If I am understanding your problem correctly, I think you can just create a new DataFrame that is a transformation of sample_data by first registering sample_data as a temp table.

//Register temp table
sample_data.createOrReplaceTempView("sql_sample_data")

//Create new DataSet with transformed values
val transformed = spark.sql("select trim(field1) as field1, trim(field2) as field2...... from sql_sample_data")

//Test
transformed.show(10)

I hope that helps!
Subhash


On Wed, Mar 1, 2017 at 12:04 PM, Marco Mistroni <mmistroni@gmail.com> wrote:
Hi I think u need an UDF if u want to transform a column....
Hth

On 1 Mar 2017 4:22 pm, "Bill Schwanitz" <bilsch@bilsch.org> wrote:
Hi all,

I'm fairly new to spark and scala so bear with me.

I'm working with a dataset containing a set of column / fields. The data is stored in hdfs as parquet and is sourced from a postgres box so fields and values are reasonably well formed. We are in the process of trying out a switch from pentaho and various sql databases to pulling data into hdfs and applying transforms / new datasets with processing being done in spark ( and other tools - evaluation )

A rough version of the code I'm running so far:

val sample_data = spark.read.parquet("my_data_input")

val example_row = spark.sql("select * from parquet.my_data_input where id = 123").head

I want to apply a trim operation on a set of fields - lets call them field1, field2, field3 and field4.

What is the best way to go about applying those trims and creating a new dataset?

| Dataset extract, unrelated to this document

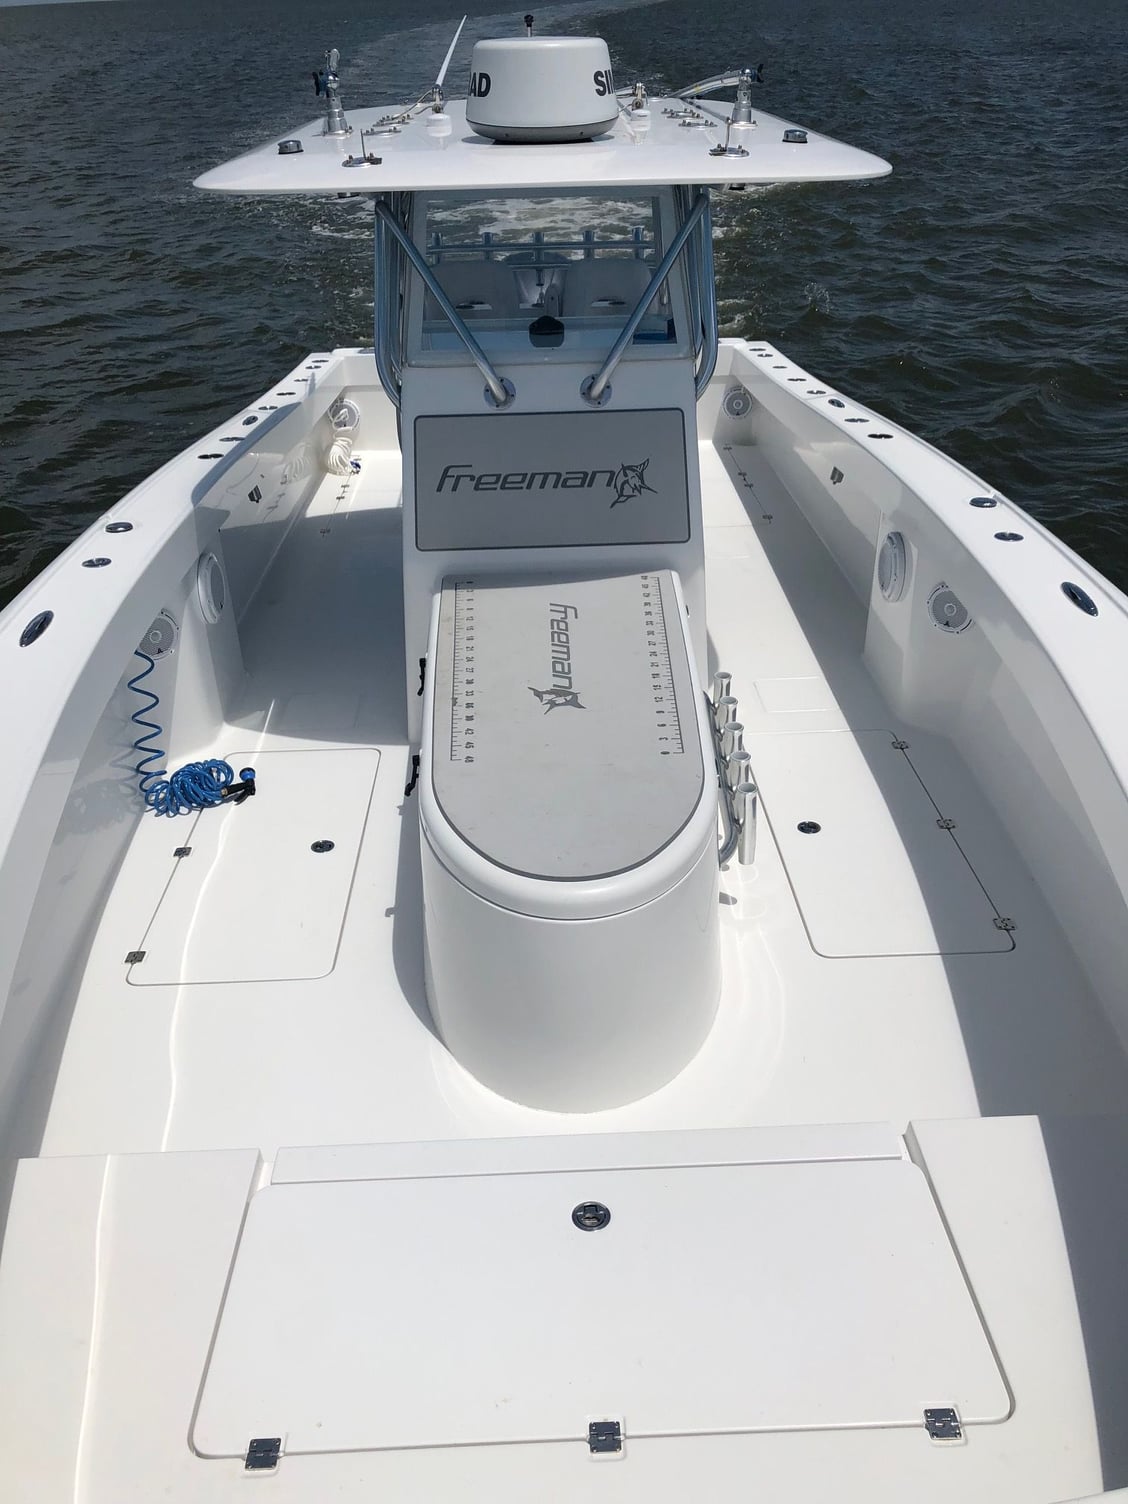 '15 freeman 34vh - for sale - reduced - The Hull Truth

Can I apply the trip to all fields in a single map? or do I need to apply multiple map functions?

When I try the map ( even with a single ) 

scala> val transformed_data = sample_data.map(
     |   _.trim(col("field1"))
     |   .trim(col("field2"))
     |   .trim(col("field3"))
     |   .trim(col("field4"))
     | )

I end up with the following error:

<console>:26: error: value trim is not a member of org.apache.spark.sql.Row
         _.trim(col("field1"))
           ^

Any ideas / guidance would be appreciated!